By the way, pointers to string literals should be const char *.
With char *p[2]; you allocate 2 char* on the stack. When accessing p[2], you have a buffer overflow and might access any other fings belonging to the stack frame of the current method (some compilers check this in debug mode).
With calloc, you allocate memory in the heap. Accessing pp[2] is (probabely) free memory, you no segfault here. But this memory could also be used by other objects, so this is absolutely not ok!
For size calculation: sizeof(char**) is 4, as is for every 32-bit pointer. sizeof(char*[2]) is 8, because it is 2x4 bytes.

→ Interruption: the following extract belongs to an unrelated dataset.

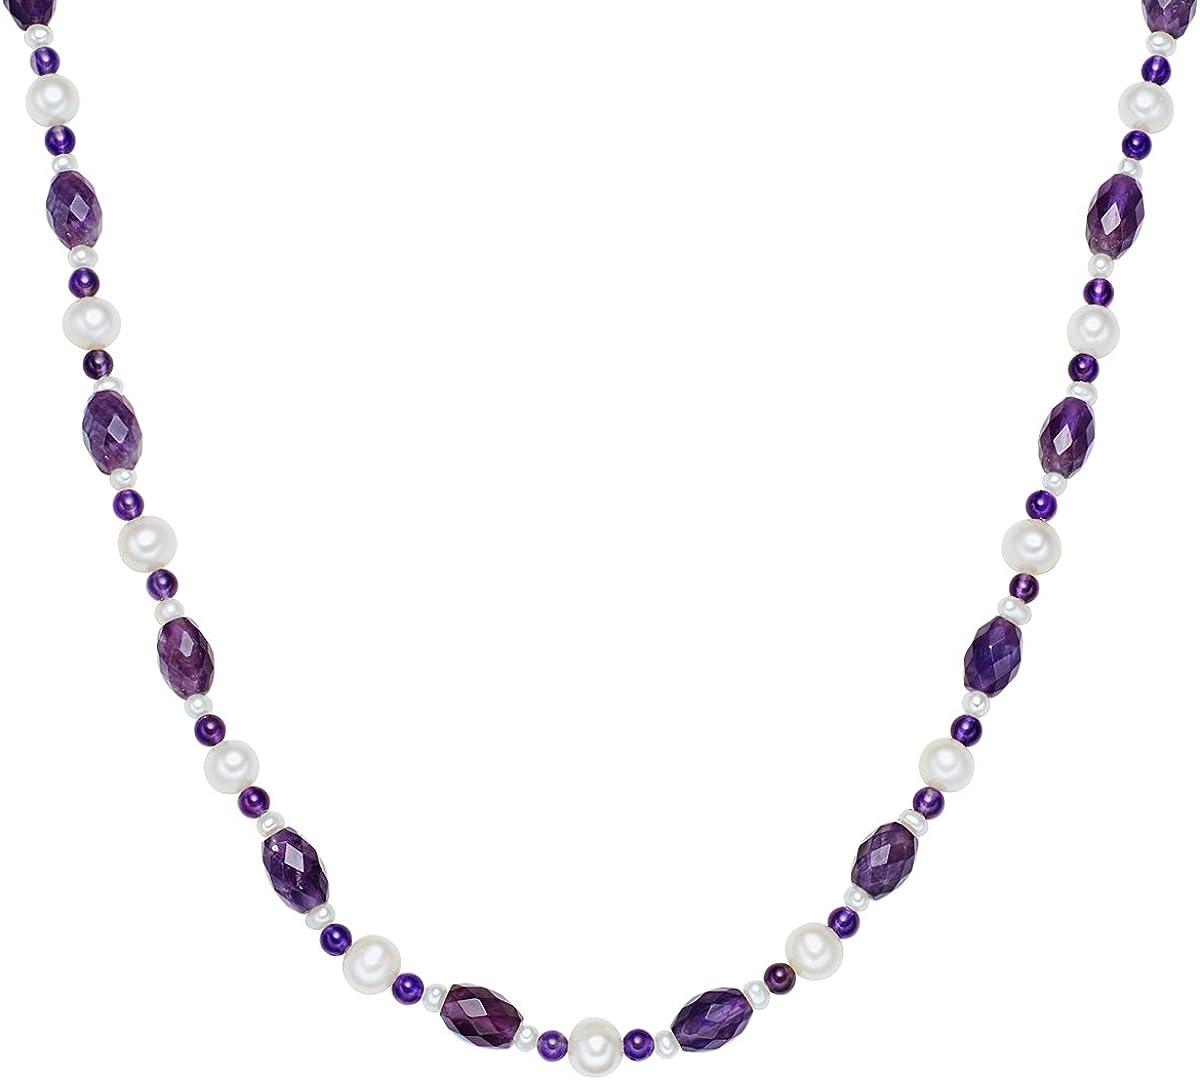 Valero Pearls - Collar de piedras preciosas / Collar de perlas embellecido con Perlas de agua dulce - Hilo de seda - 925 Plata esterlina - Pearl Jewellery, Cadena de Hilo de seda - 456020

As Aasmund Eldhuset said, p[2] does not exist. p[0] and p[1] are the two elements of the array.
The reason it segfaults for p[2] and not pp[2] is, as I understand it, because p is stored on the stack and pp is stored on the heap. So although you don't own the memory at pp[2], it doesn't seg fault. Instead, it just overwrites god-knows-what and will probably cause your program to misbehave in unpredictable ways.
In general, dynamically allocated memory (such as pp in your example) will not always segfault if you overstep their bounds, whereas statically allocated memory (eg. p) will segfault.